> **Information provided**:

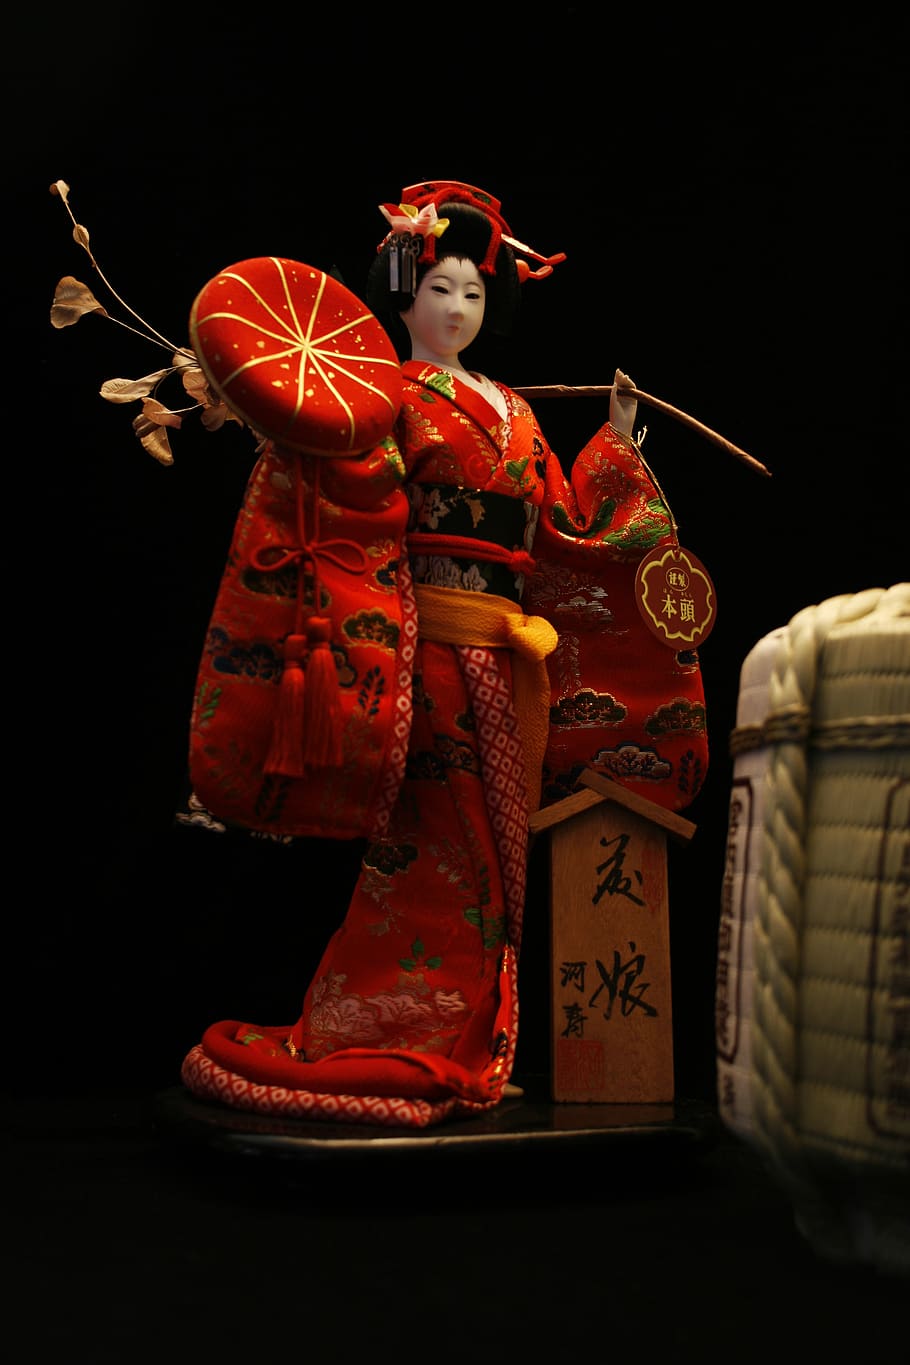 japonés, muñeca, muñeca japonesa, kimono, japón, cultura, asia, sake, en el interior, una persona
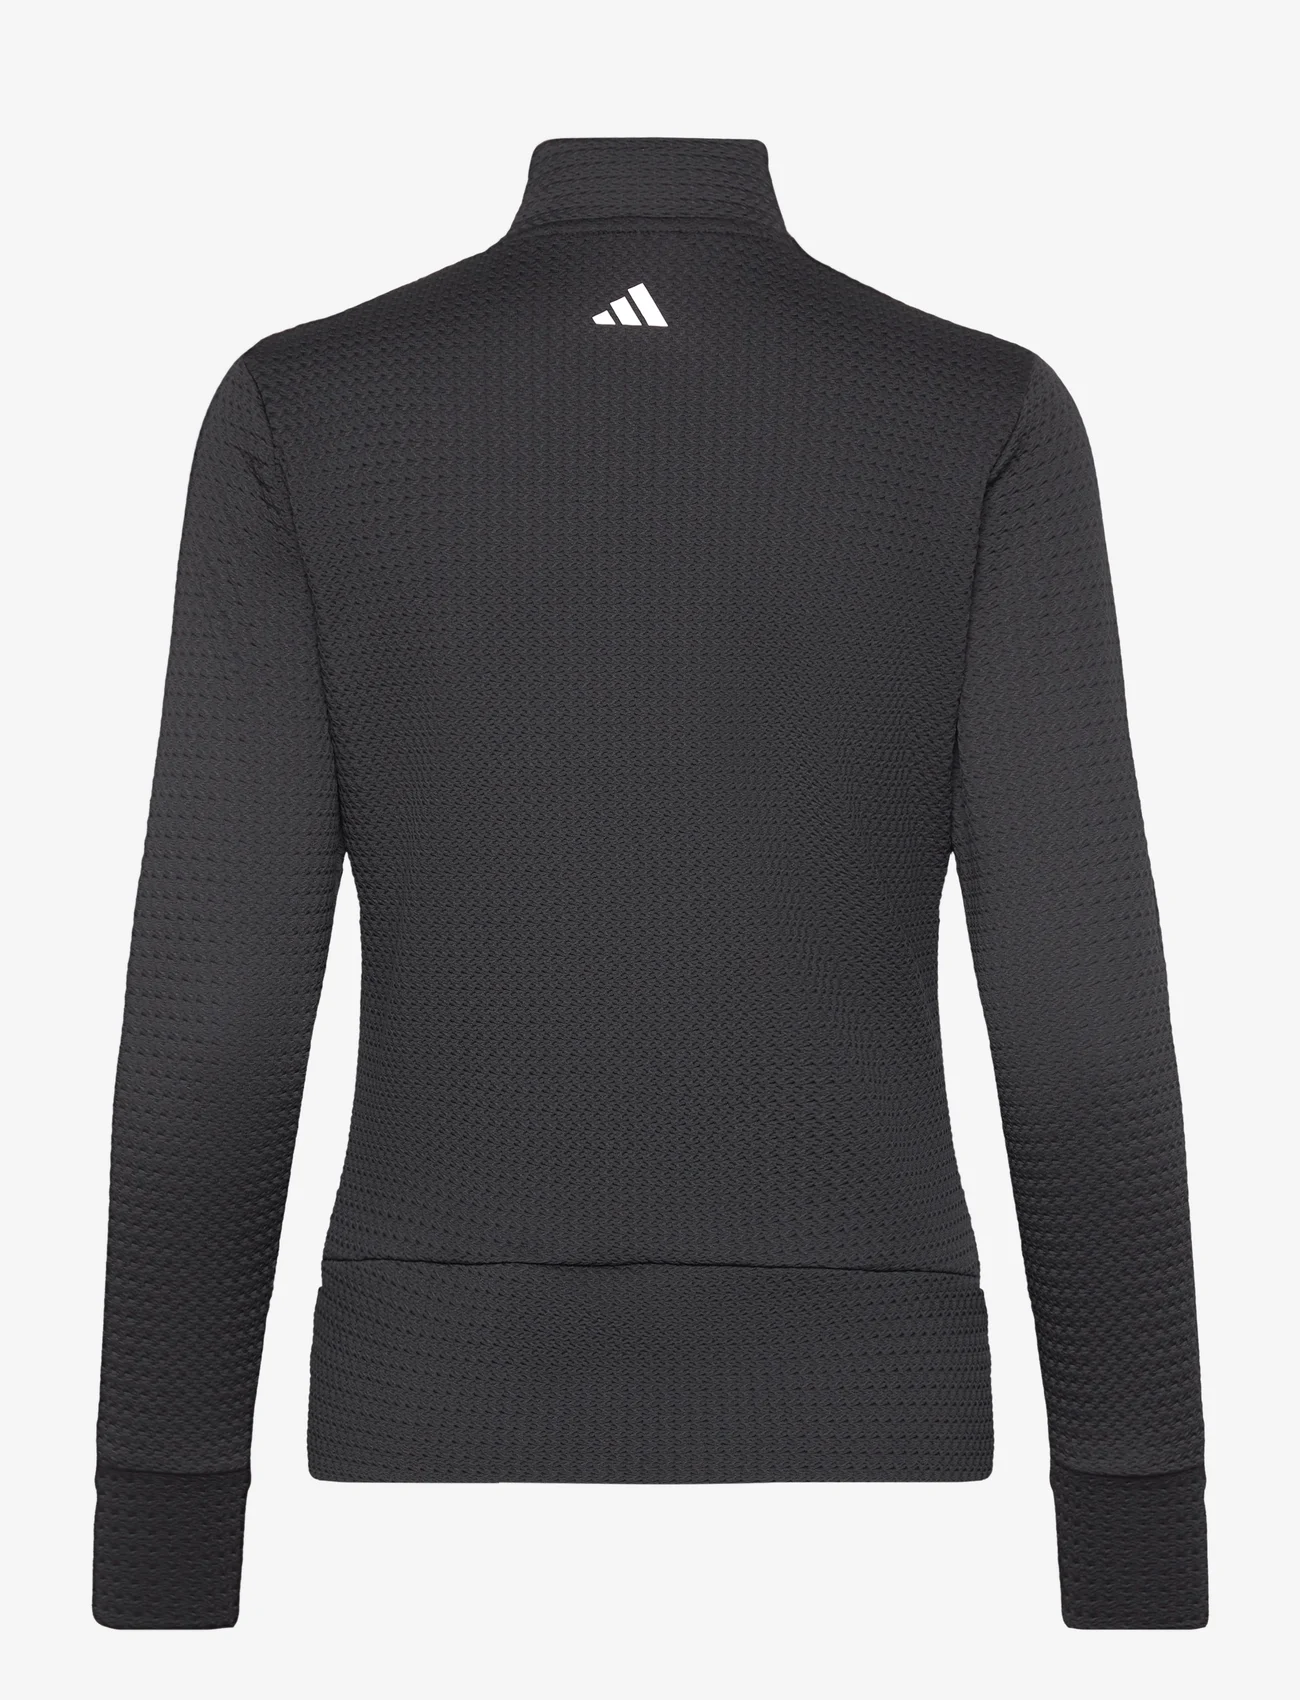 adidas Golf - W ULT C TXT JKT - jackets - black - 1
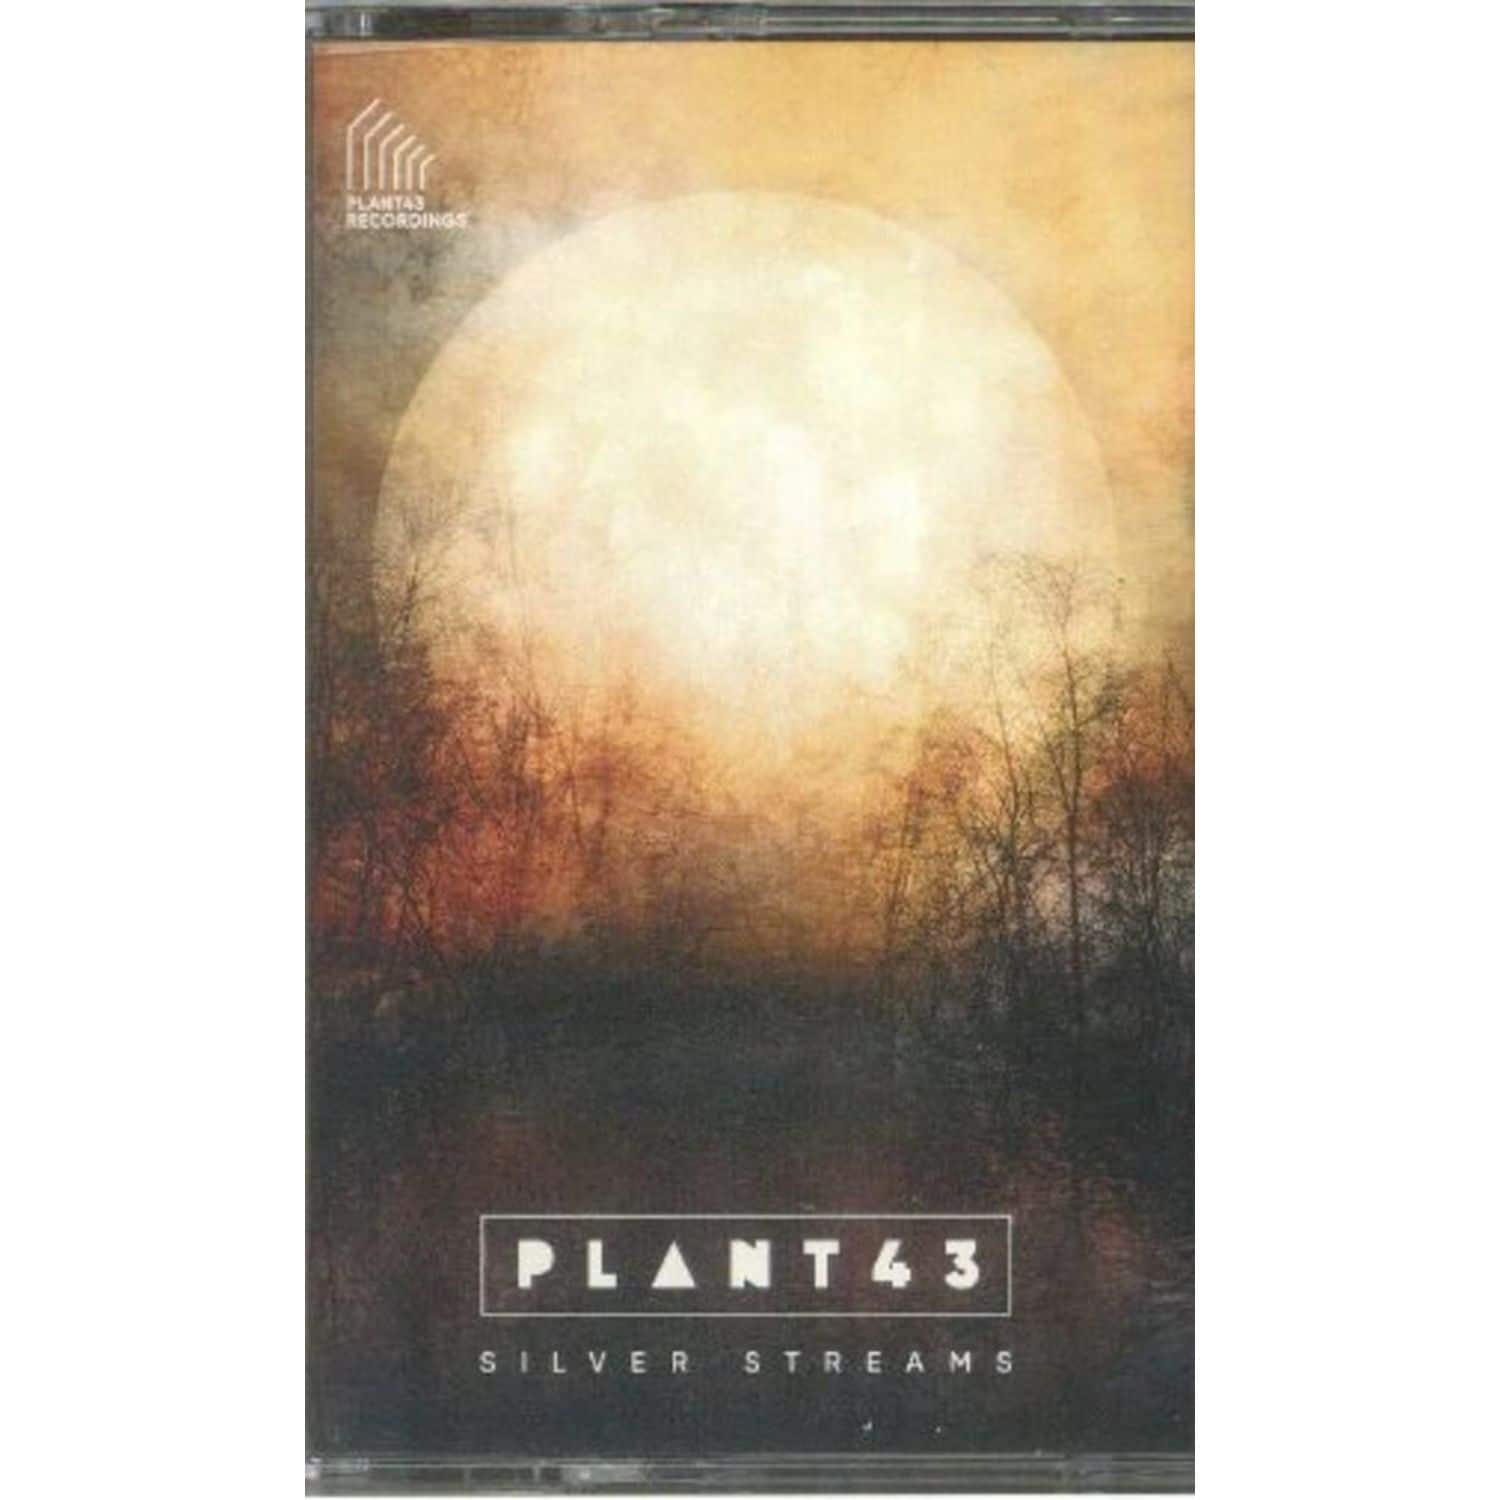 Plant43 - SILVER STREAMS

> **Problem requirements**:
When you copy the data, keep every line exact and drop the pictures.

> **Response below**:
 japonés, muñeca, muñeca japonesa, kimono, japón, cultura, asia, sake, en el interior, una persona
 adidas Golf - W ULT C TXT JKT - jackets - black - 1
 Plant43 - SILVER STREAMS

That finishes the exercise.